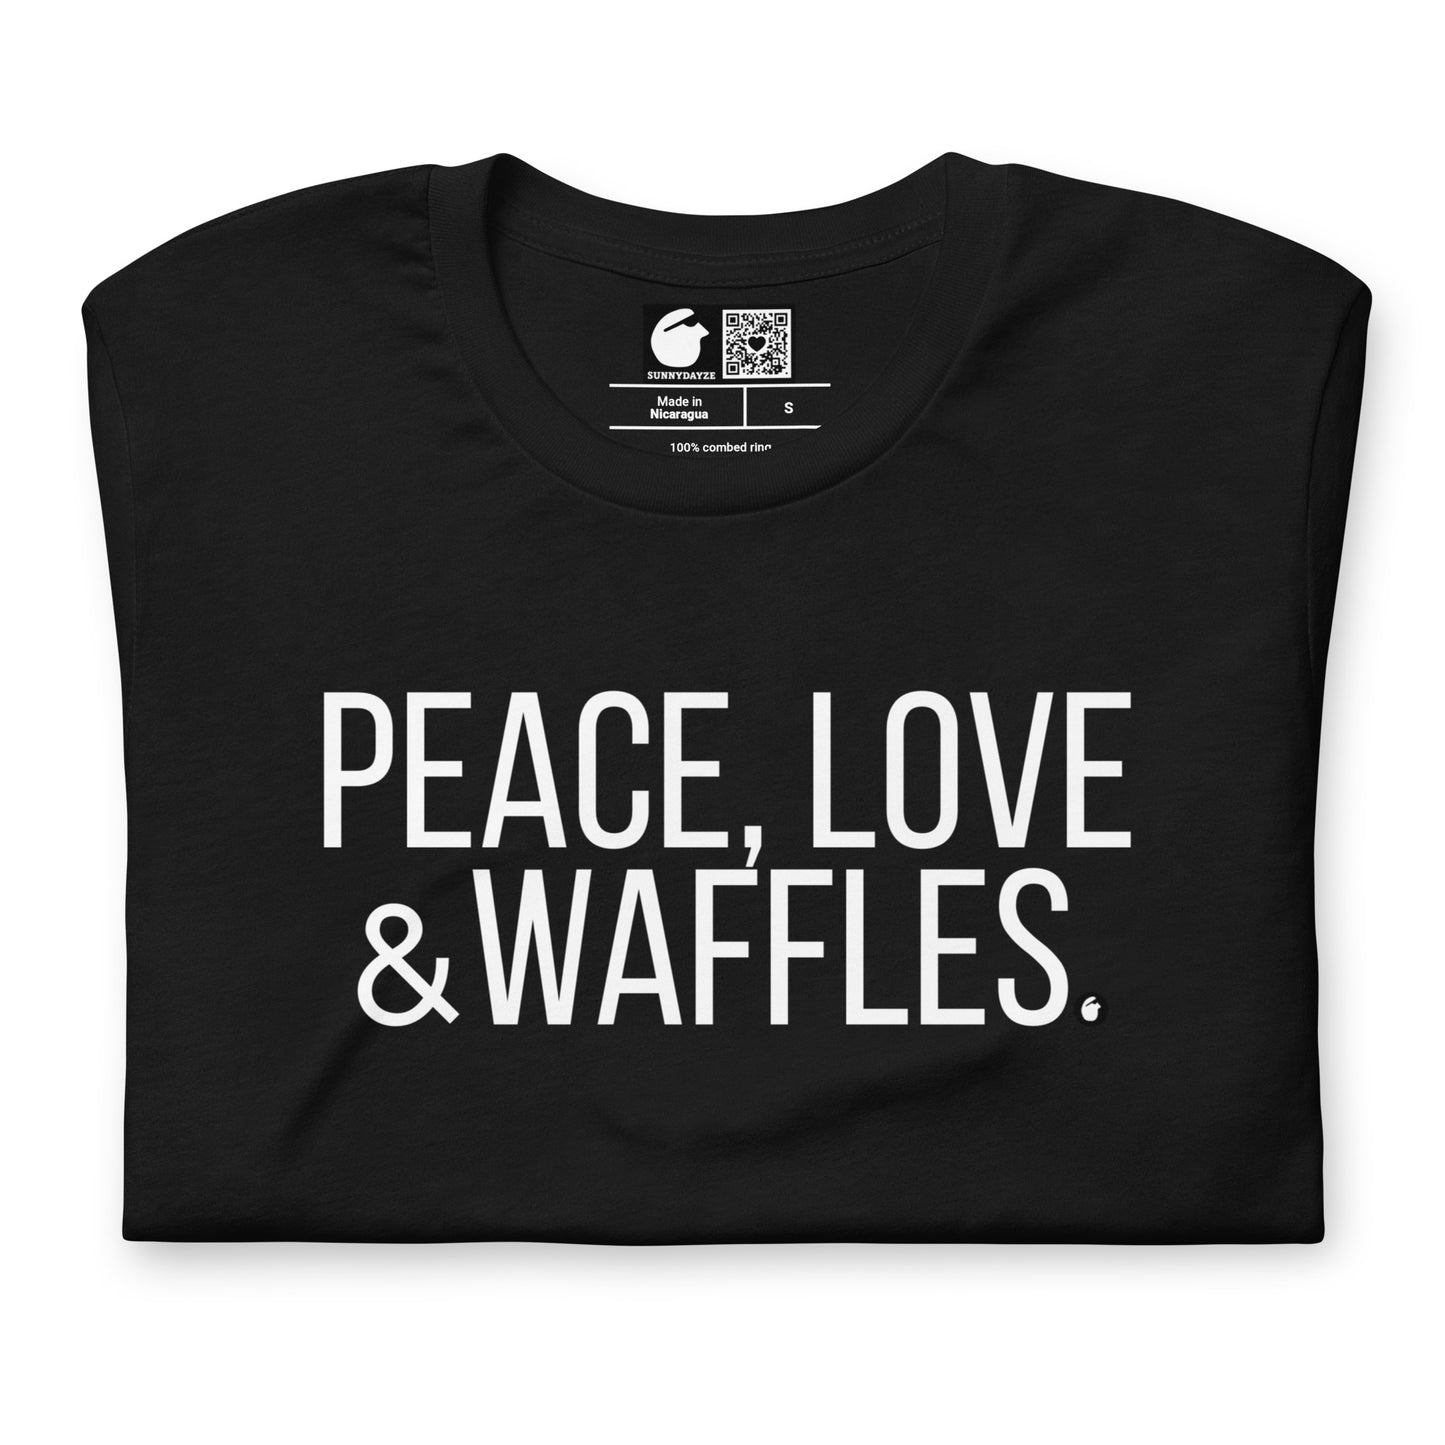 WAFFLES Short-Sleeve Unisex t-shirt
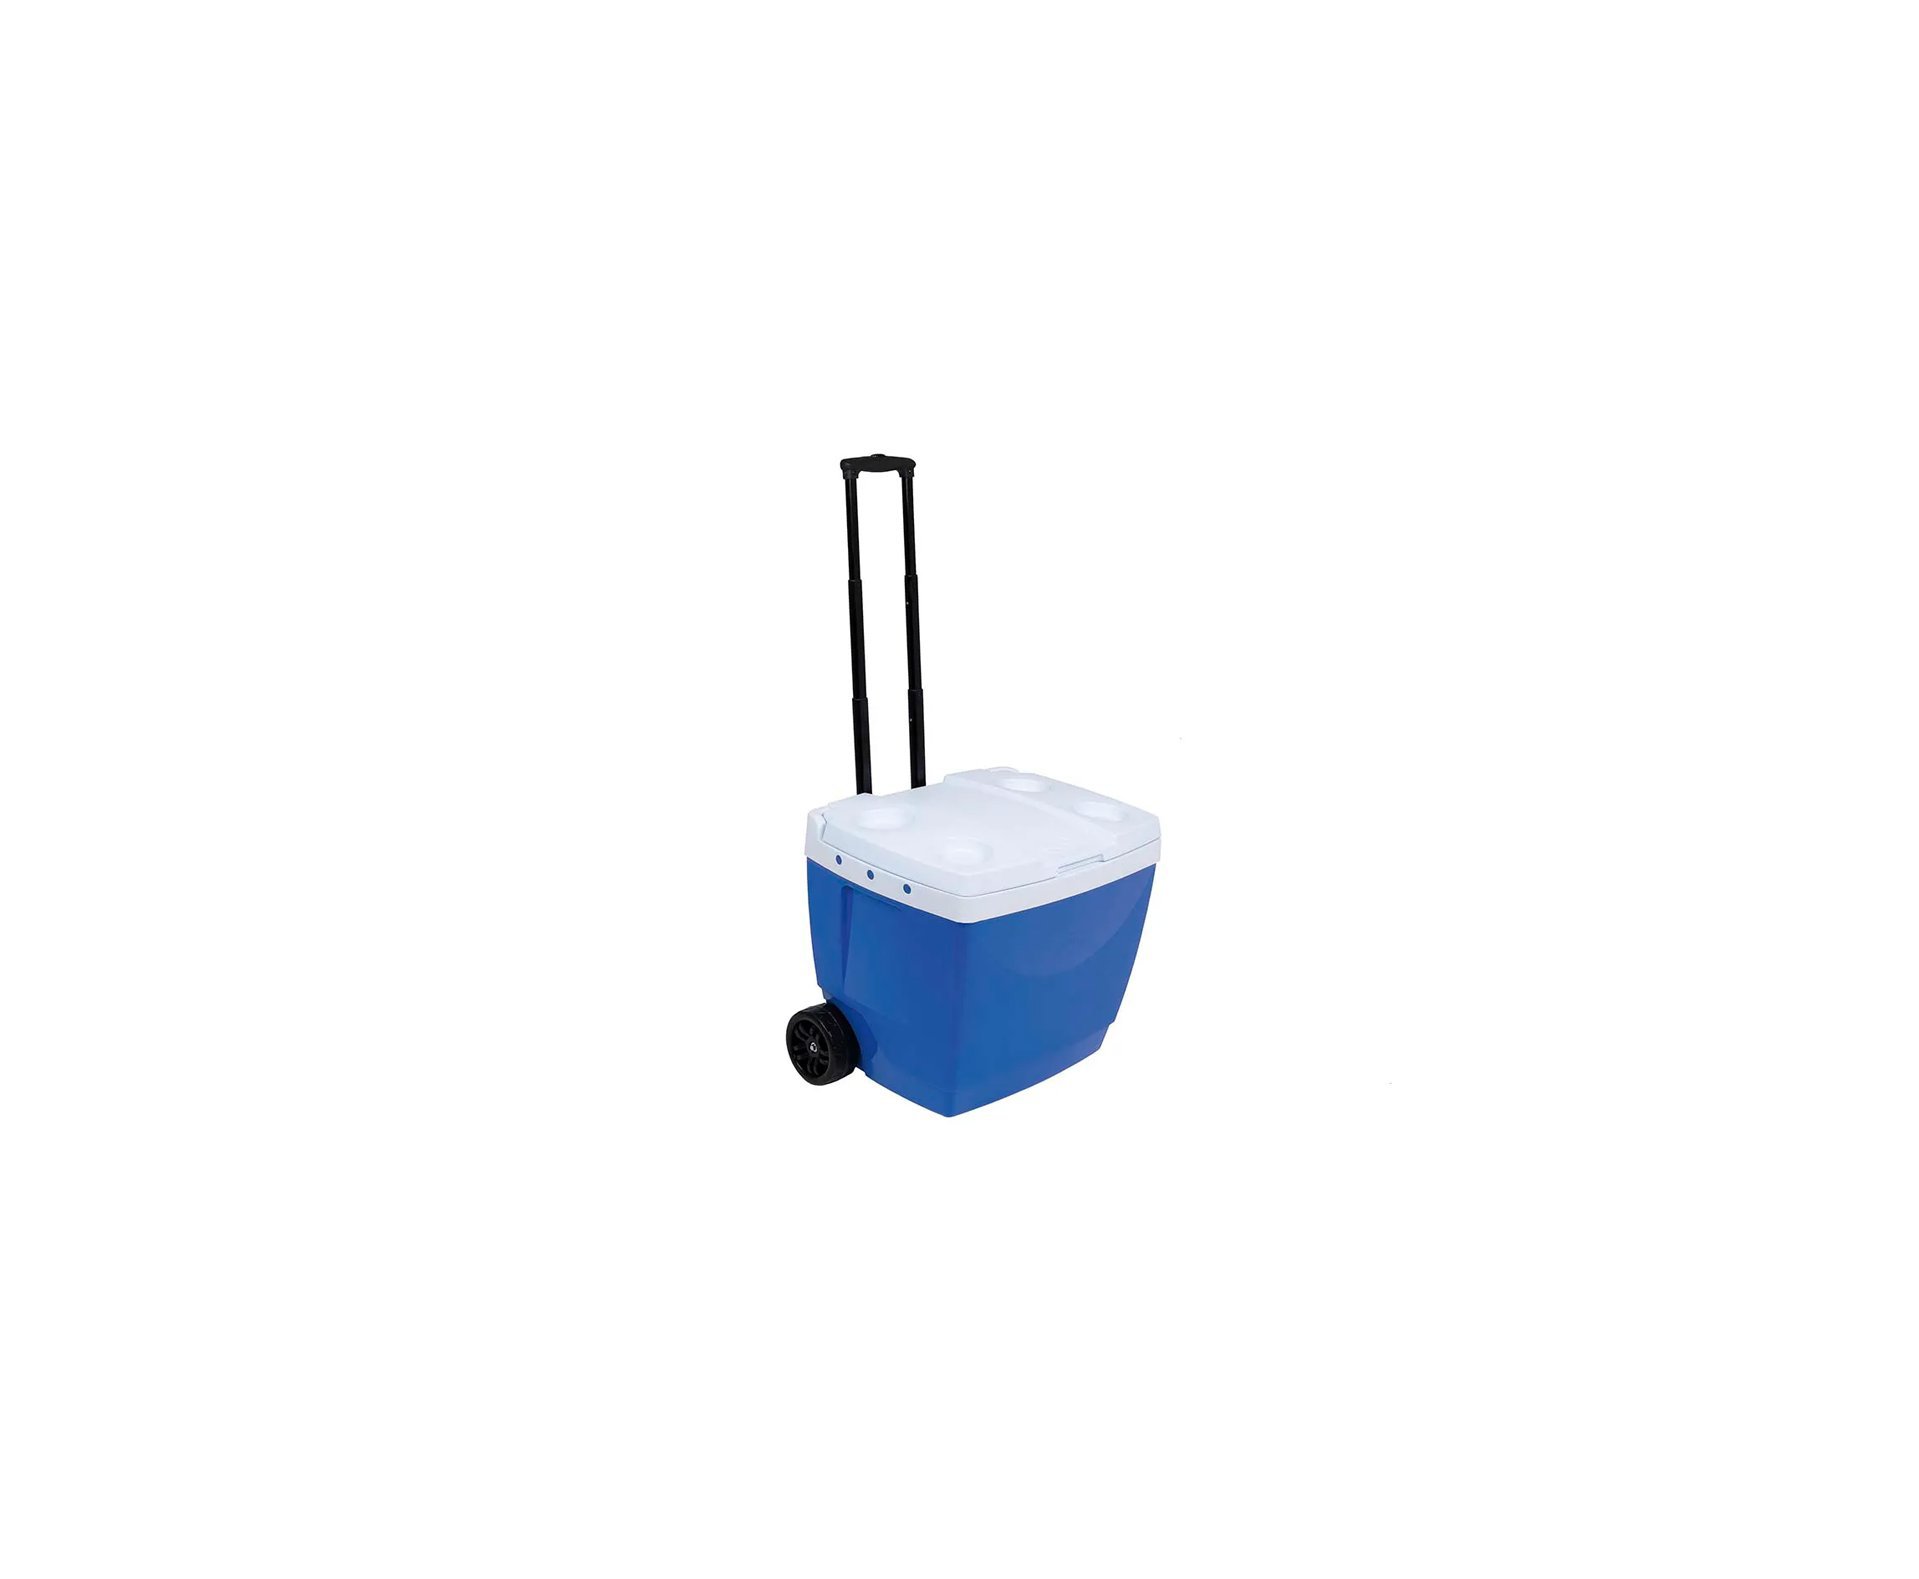 Caixa Térmica Mor 42l Com Roda E Alça Transporte - Azul
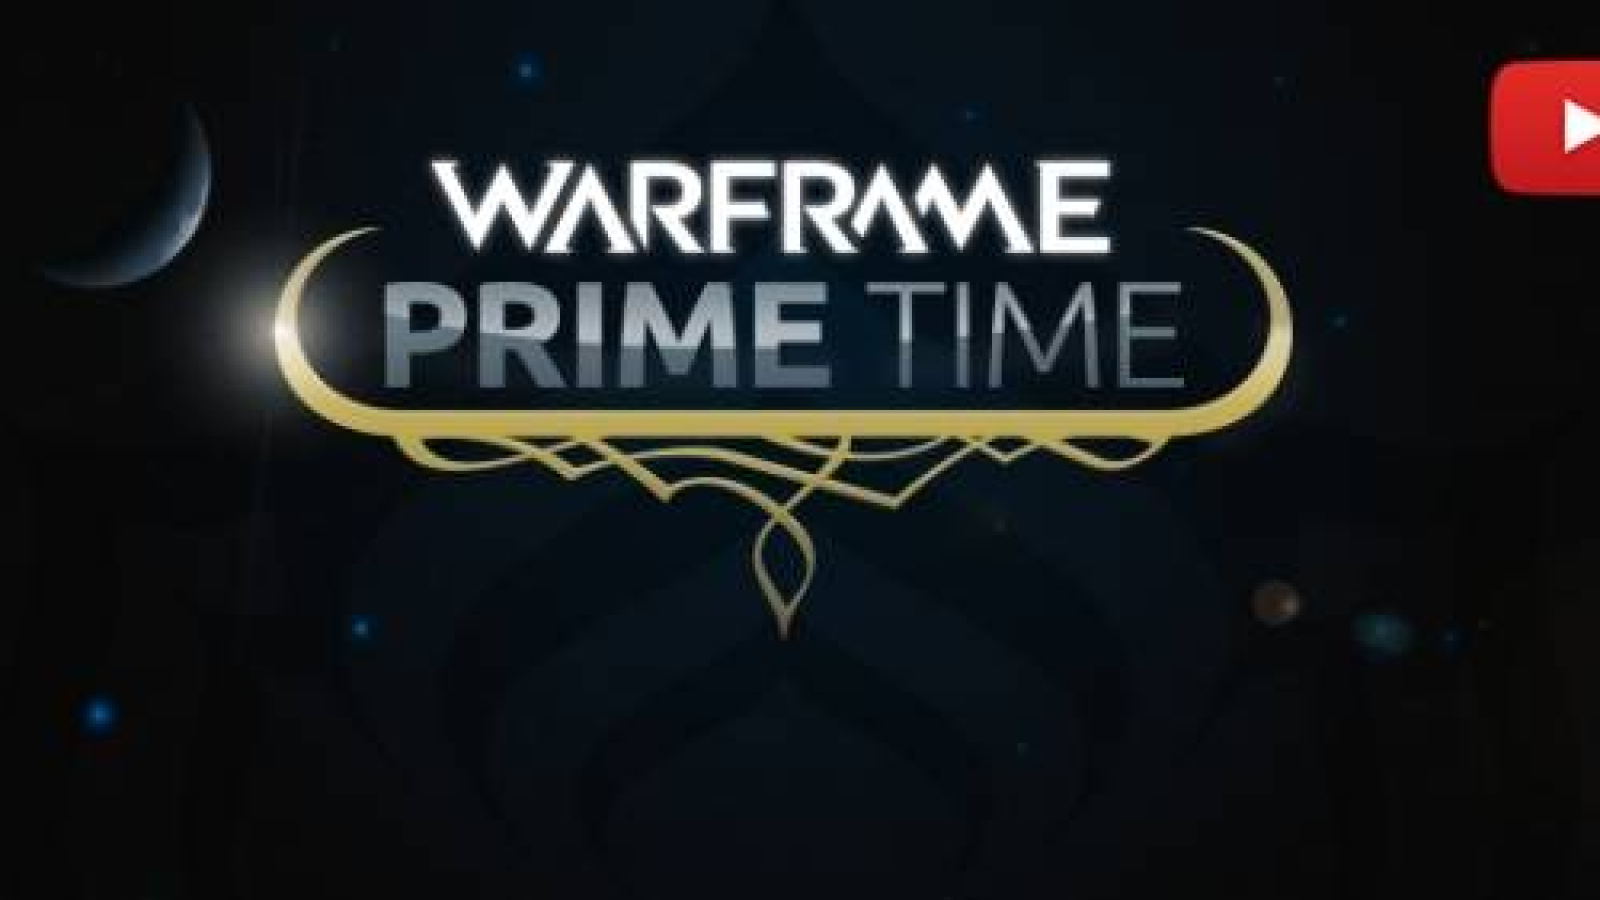 WARFRAME PRIME TIME

===============

[About this exercise] In the listing, find the line with "Caixa Térmica Mor" and retype exactly from there through the last line, both included, leaving the pictures out.

[Exercise solution]
 Caixa Térmica Mor 42l Com Roda E Alça Transporte - Azul
 WARFRAME PRIME TIME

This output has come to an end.